Brothers set for semi-final clash
Now working as a coach at Dublin’s Clontarf-Westwood facility, Fitzgerald dropped only a total of three games in the first two rounds to enhance his chances of coming away with the top prize tomorrow.
The Surrey native looked on course for a place in the semi-finals when he took the first set thanks to one break of serve but Greystones lad Fitzgerald, a tennis scholarship student at Indiana’s Notre Dame, didn’t drop a game in the second set and subsequently overwhelmed his opponent in the champions’ tie-break to emerge with a 4-6 6-0 10-0 victory after an hour and 28 minutes.
Ironically, 20-year-old Fitzgerald now faces a semi-final joust against his 18-year-old brother Ciarán, who demolished Donnybrook’s Mike Johnston 6-1 6-1 after an hour and 11 minutes.
The other men’s semi-final will be contested by last year’s runner-up Lazare Kukhalashvili, a Dublin-based Georgian native, and No 2 seed John Morrissey.
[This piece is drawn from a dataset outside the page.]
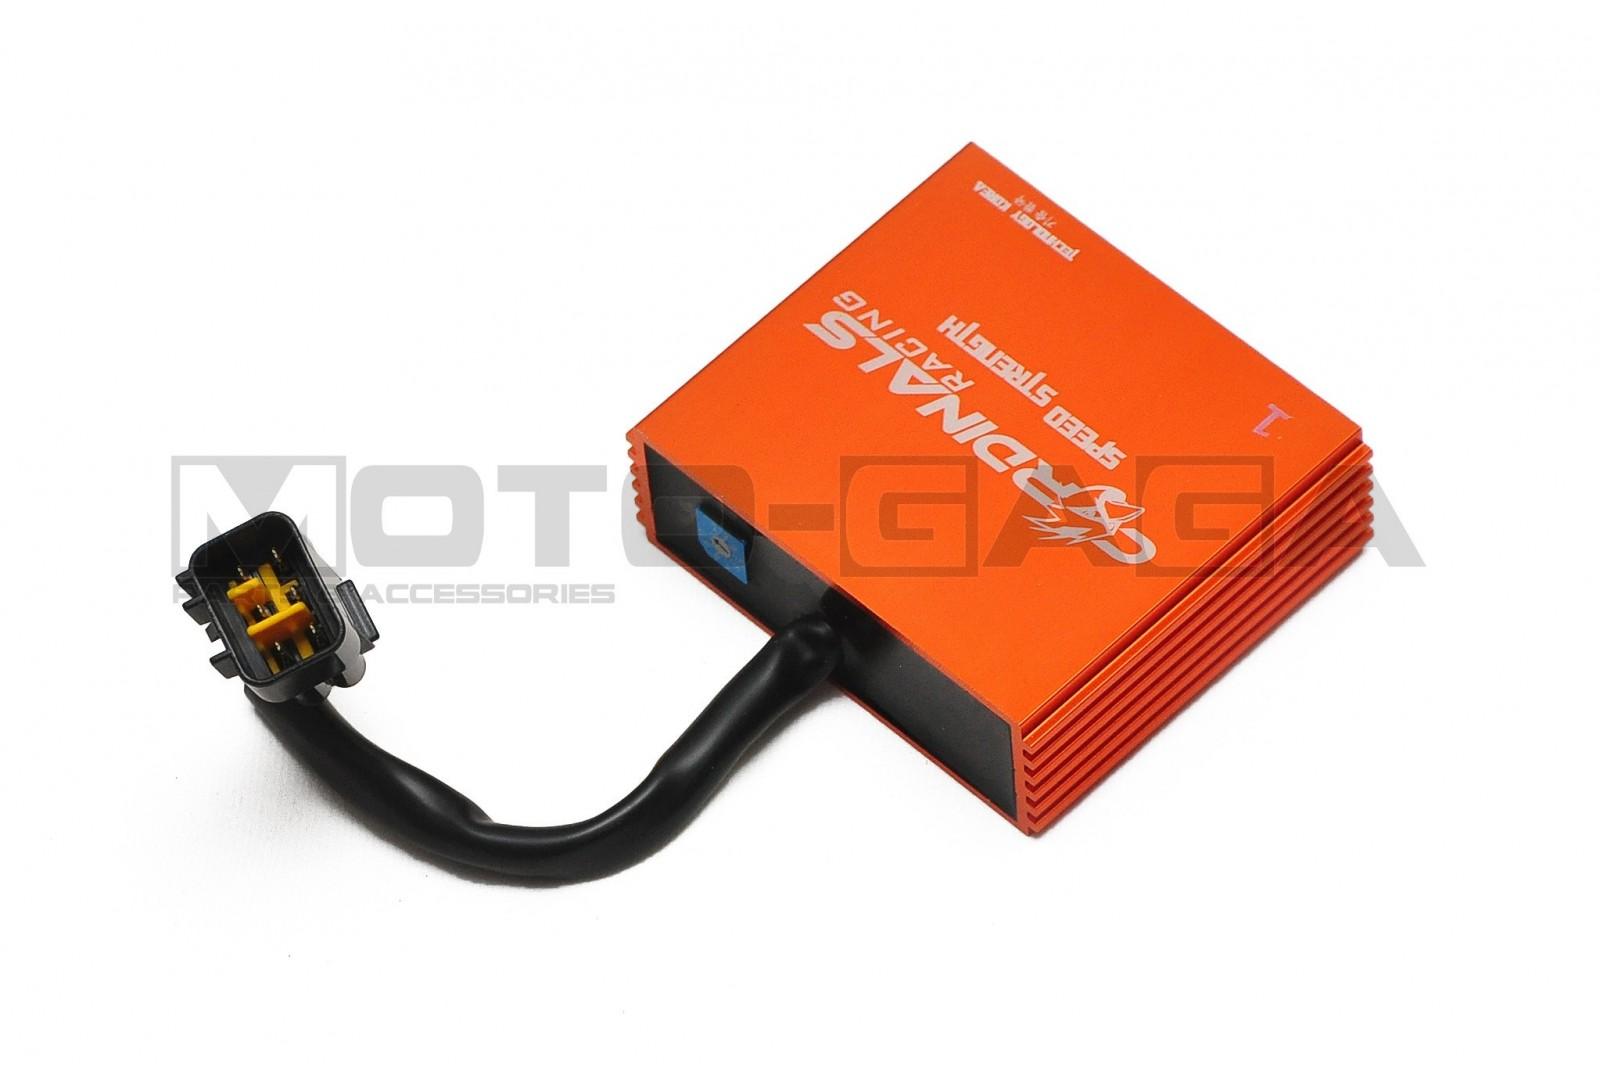 hight resolution of cardinals racing adjustable performance cdi suzuki raider 150r 6 wire

Kukhalashvili accounted for Carlow’s Tommy Murphy 6-1 6-2 after an hour and 15 minutes, and Morrissey, ranked No 30 in the ITF U-18 world rankings this year, overcame fellow Donnybrook club member David O’Hare 6-3 6-2 after an hour and 44 minutes.
In the women’s singles quarter-finals, top seed Rachael Dillon maintained her drive for her second Indoors title on the trot, executing a 6-0 6-0 demolition job on Megan McGreevy from the Newcastle, Co Down club after an hour and five minutes.
However, Fed Cup Dillon was upstaged by No 2 seed Sinead Lohan for the distinction of the shortest women’s match of the night, with the Tramore 15-year-old needing only 52 minutes to see off the challenge of Donnybrook’s Alexandra Drummy 6-0 6-1.
In today’s semi-finals, Dillon, a tennis scholarship student in Tennessee, faces Fed Cup teammate Jenny Claffey, a 6-0 6-1 winner over Mount Pleasant’s Susan McRann, with Lohan taking on Naas’s Gráinne O’Neill, who edged Donnybrook’s Alison Clarke 6-2 7-5.